Christmas decorations were beautifully displayed in the large foyer outside the worship center. A Christmas tree … pictures of angels painted on large canvases … a child-size Manger / Nativity scene … the kind of seasonal displays where families gather to snap a Christmas photo.
I happened to stand in front of the Manger scene and my attention was drawn in. The figures and presentation were similar to numerous displays I’ve observed through the years … but something was off. When my daughter-in-law walked up next to me, she noticed it as well. “Joseph’s foot is larger than the Baby Jesus and the manger together!” she said.
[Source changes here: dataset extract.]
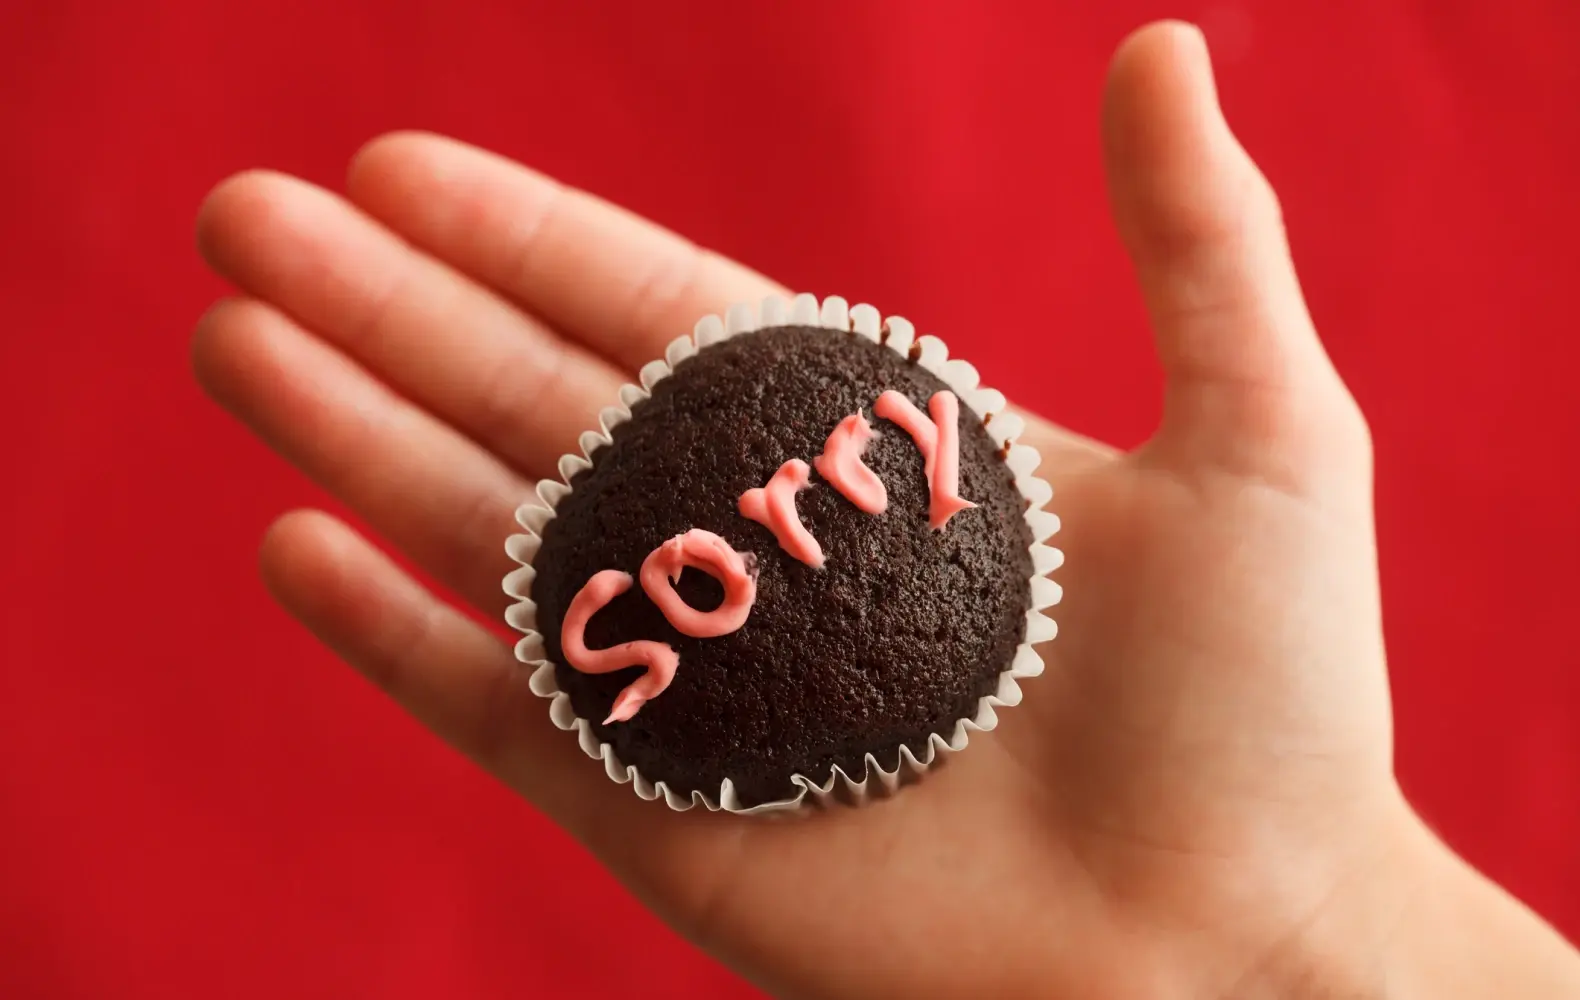 The word "Sorry" written on a cupcake being offered as an apology.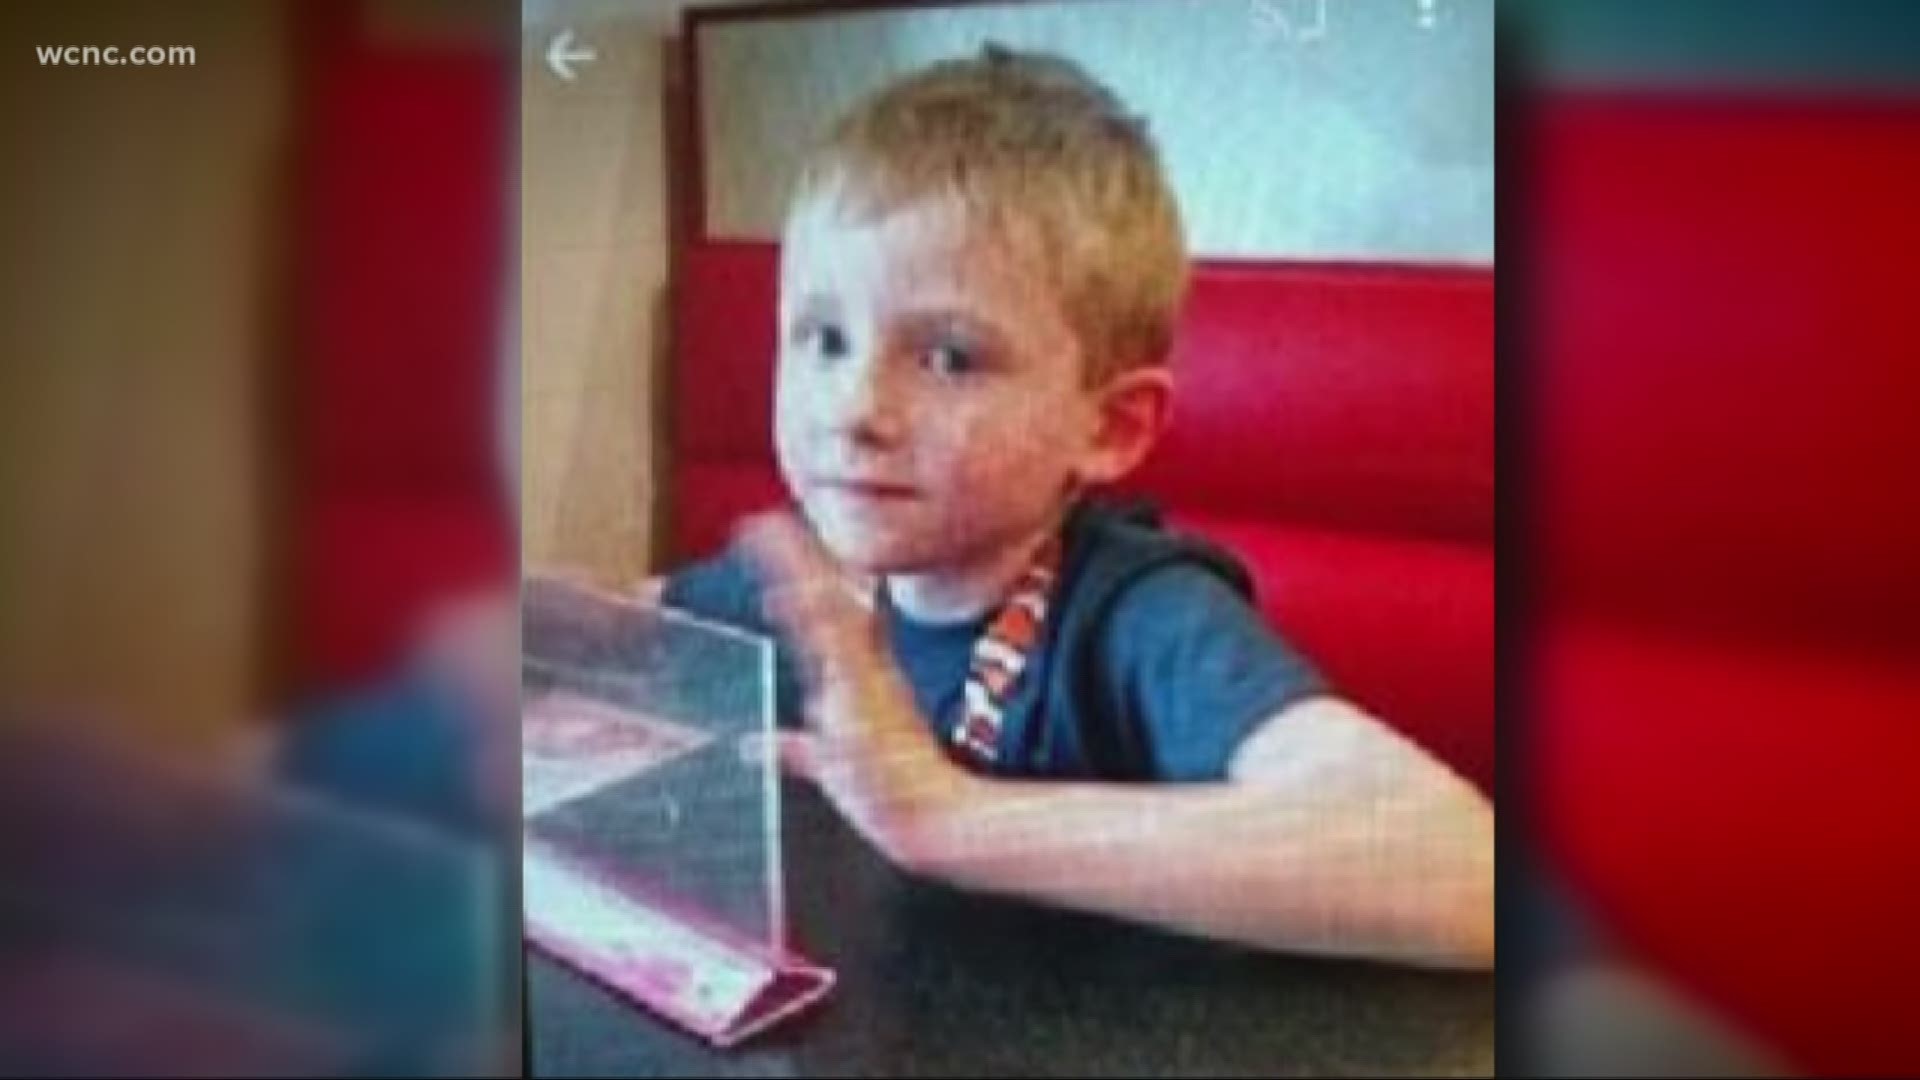 Funeral plans were announced Sunday morning for Maddox Ritch, the six-year-old who was found dead after being missing for six days.

She was right. The standing figures were proportionally out of sync with the Child lying in the manger, as if two different Nativity scenes had been (carelessly) combined. I should have taken a quick picture of the scene but I found it too grotesque.
Like Mary (Luke 2:19), I’m given to pondering the inescapable irony. With all the various ways in which we celebrate Christmas, has the occasion’s central meaning (focused on the singular Person of Jesus Christ) been shoved into the background? As the shopping and gift-giving and parties and feasting keep us hyper-busy, does the Babe in a Manger recede to forgetfulness?
Don’t get me wrong. I absolutely love Christmas! It’s a joyous time and should be celebrated with gusto and jubilance! Christ is come! Let us worship and adore Him!
Still, I’m the first to admit I can go overboard and the temptation (too often) is to get things out of balance. The unfortunate image of a shrinking Baby Jesus will stick in my brain and (I’m hopeful) nudge me to remember always the real basis for our hope, joy, peace and love — our Saviour’s birth.
May God bless you on this special day. Merry Christmas!
2 thoughts on “Come, Let Us Worship the King”
If we trust in and obey- it is a daily walk, He comes back to center no matter the surroundings and environment. Let us hold our peace and protect our peace. Today we celebrate the birth of a King who died and rose for you and me! Happy Birthday to you to my friend and Merry Christmas to the Oelschlaeger Team!
Amen, and amen, my friend. We must keep our eyes on Him. Thanks for reading and being such an encouragement!